** Data for analysis **
----

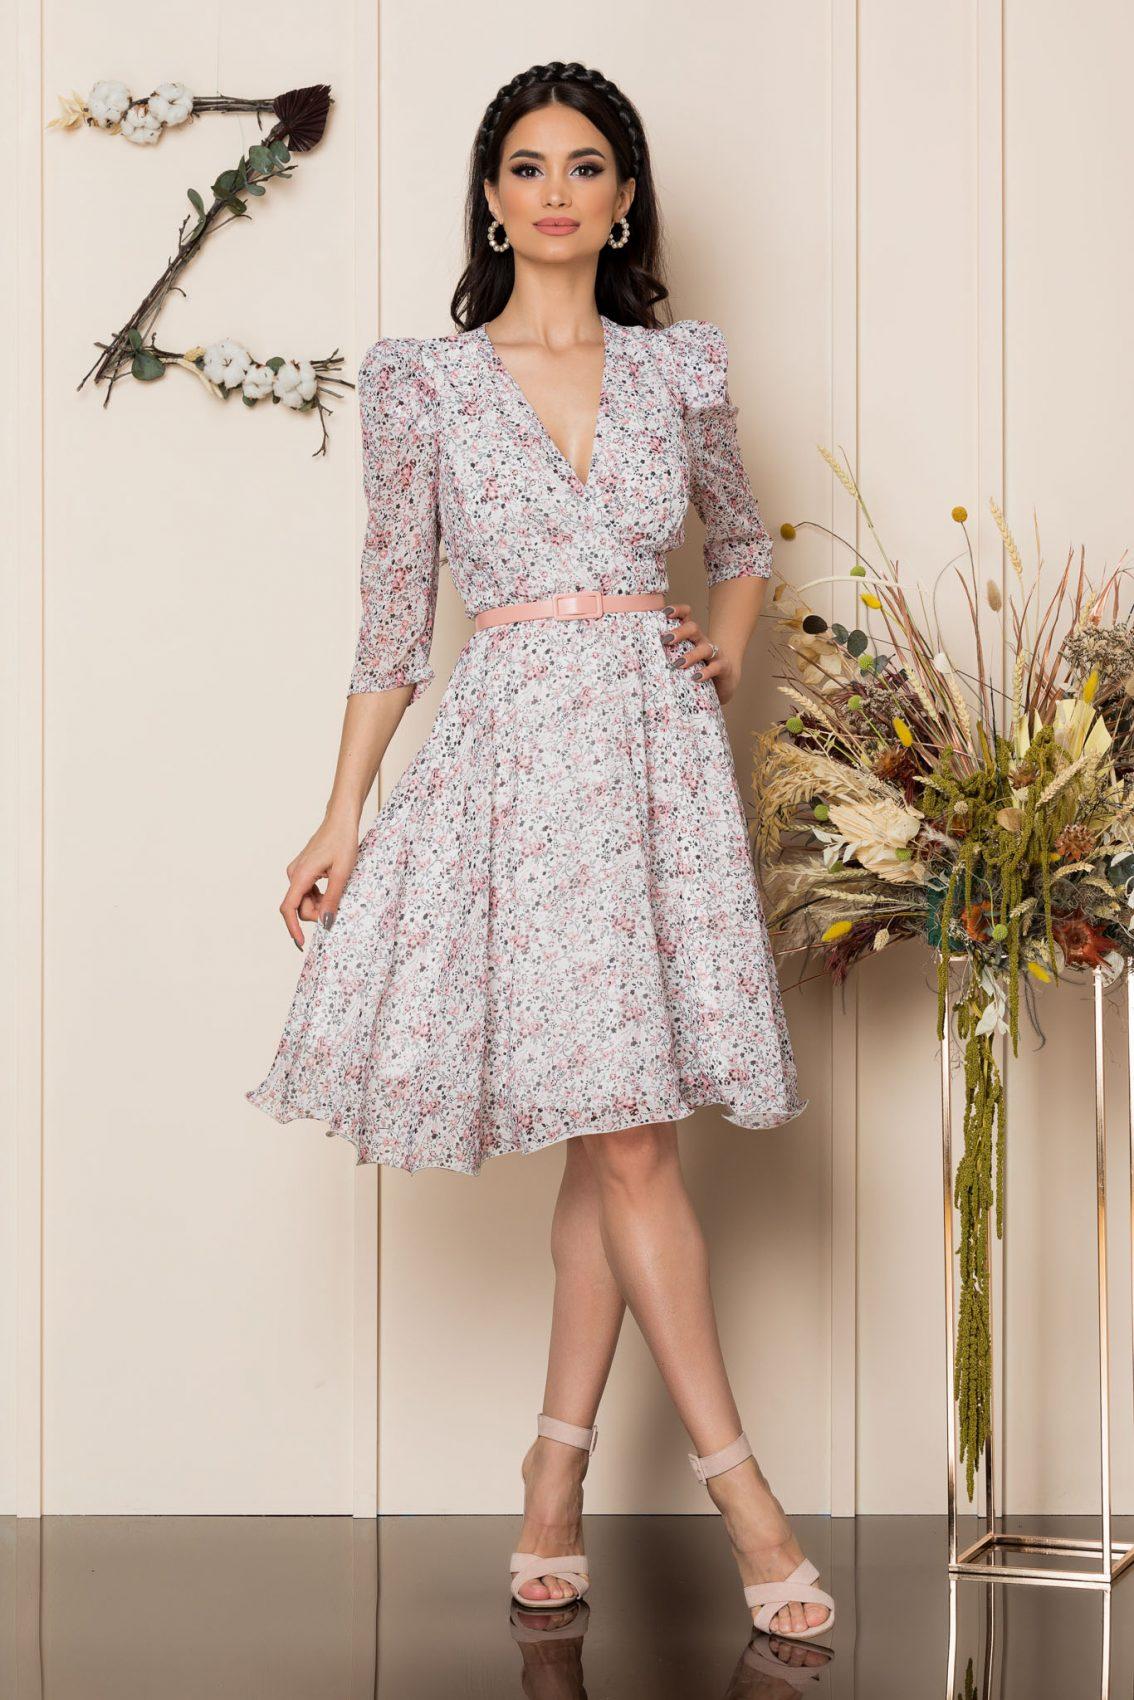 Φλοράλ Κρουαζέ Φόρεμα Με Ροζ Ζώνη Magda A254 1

----

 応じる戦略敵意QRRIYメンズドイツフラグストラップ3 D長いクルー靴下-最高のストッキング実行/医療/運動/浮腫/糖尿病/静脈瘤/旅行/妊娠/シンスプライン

----

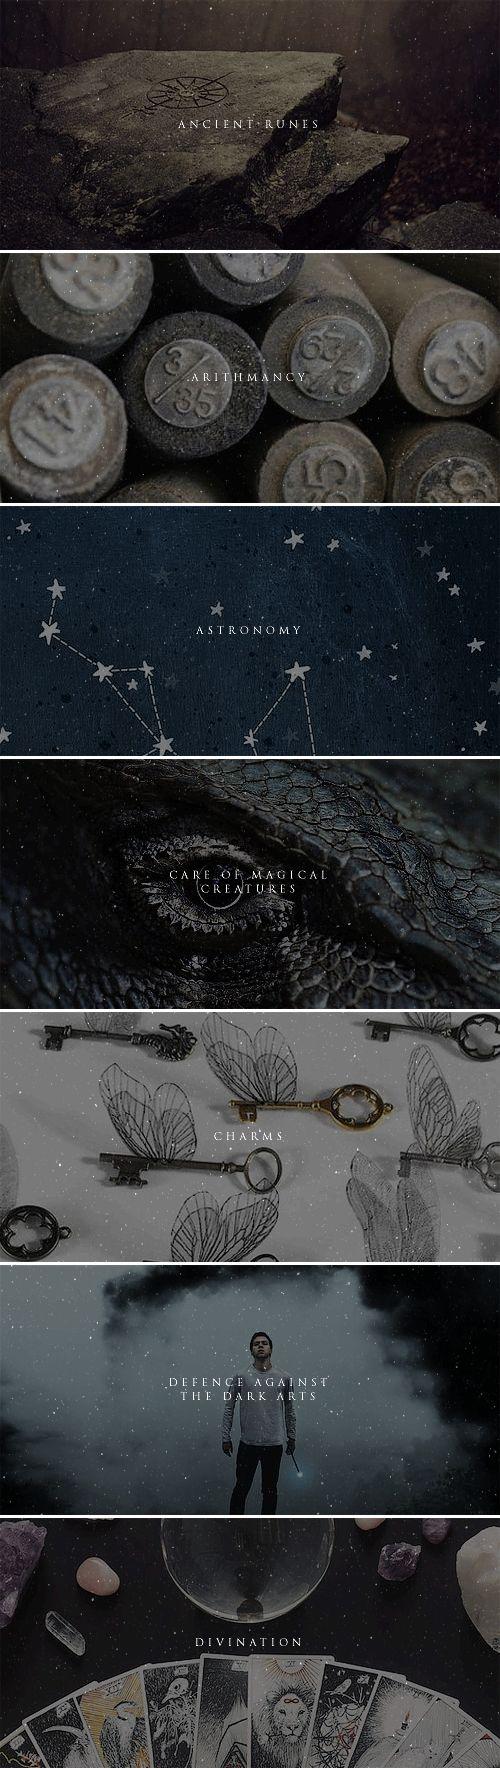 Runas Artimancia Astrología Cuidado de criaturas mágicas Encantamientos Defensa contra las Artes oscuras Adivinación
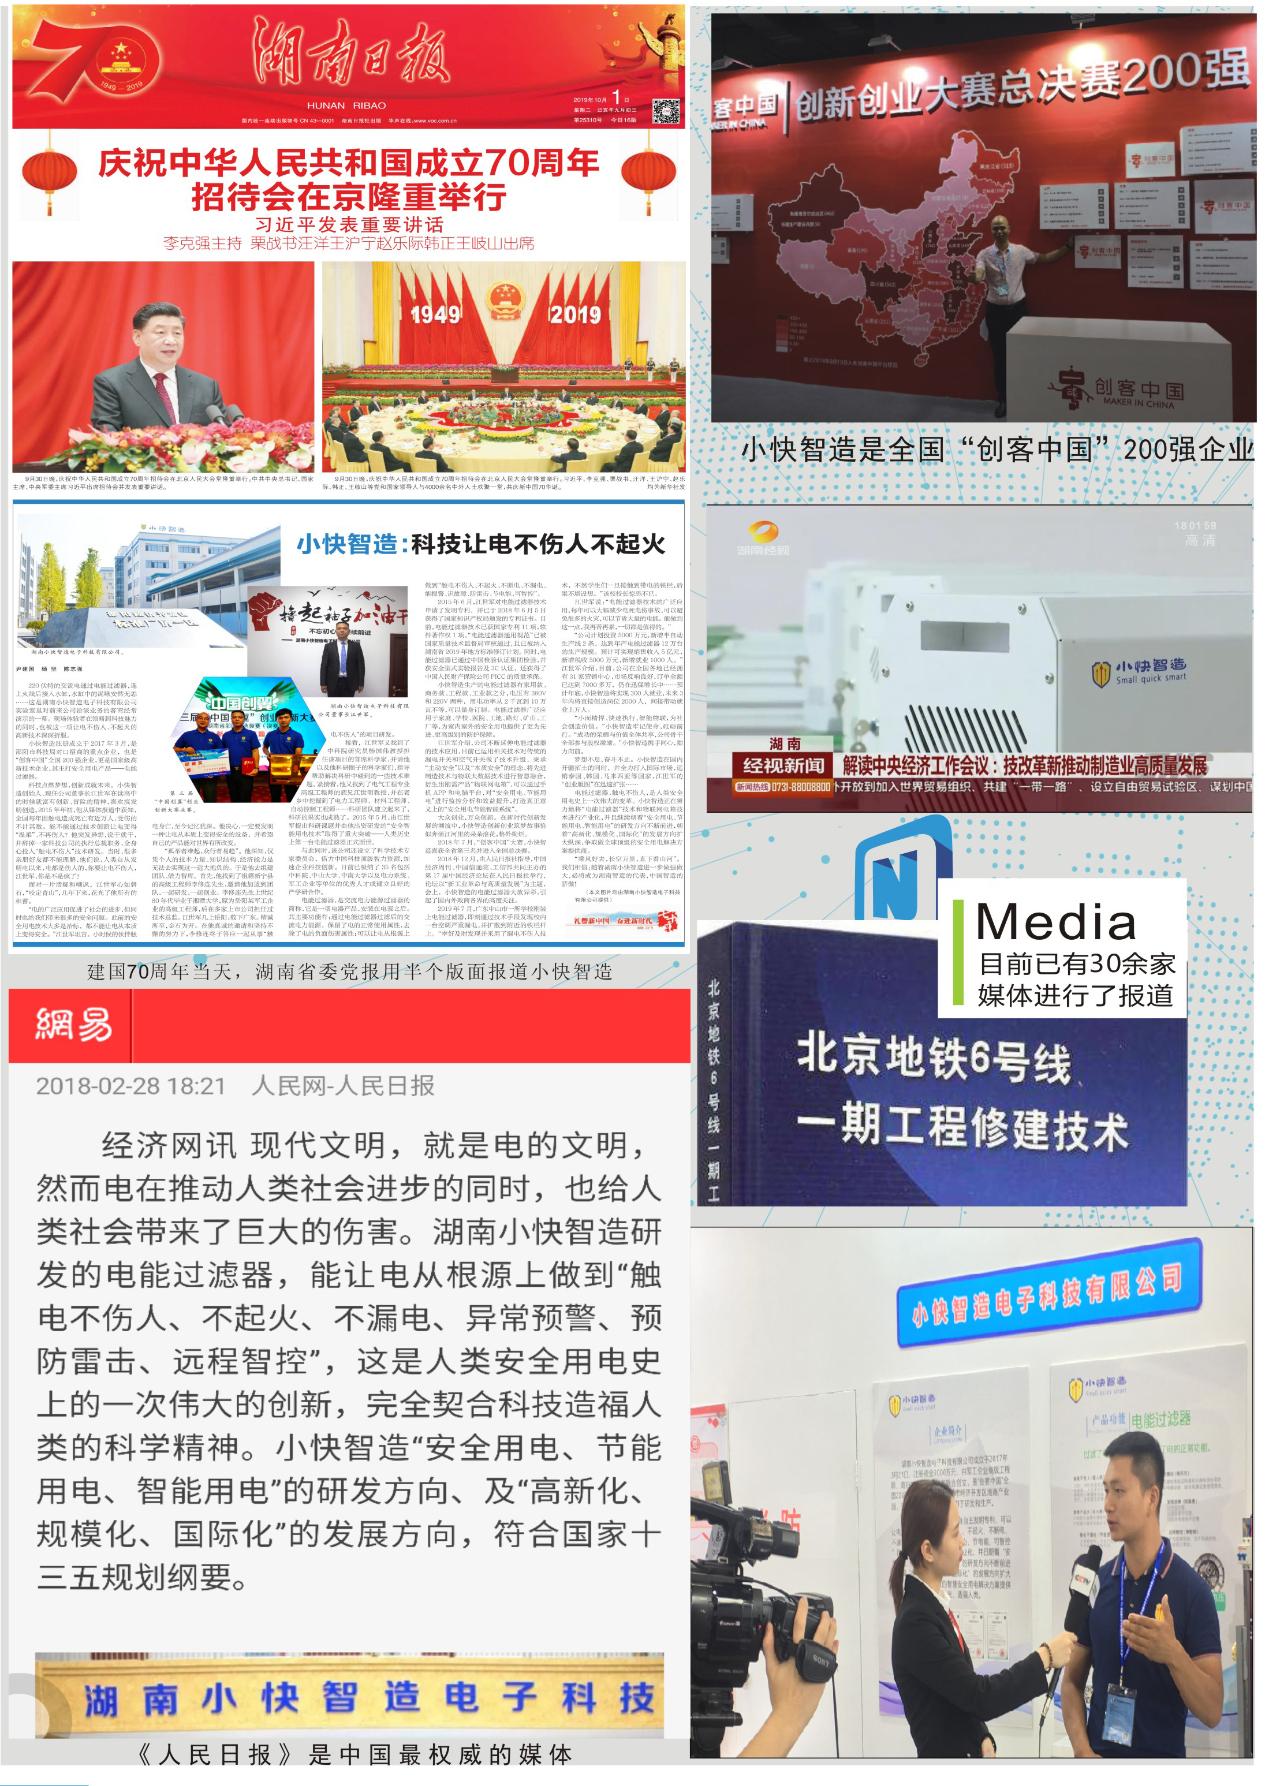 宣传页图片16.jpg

----

** What is needed **
Among the entries above, find the line with "Runas Artimancia Astrología" and repeat exactly from there through the line with "宣传页图片16.jpg", leaving out the pictures.

** Completed task **
 Runas Artimancia Astrología Cuidado de criaturas mágicas Encantamientos Defensa contra las Artes oscuras Adivinación
 宣传页图片16.jpg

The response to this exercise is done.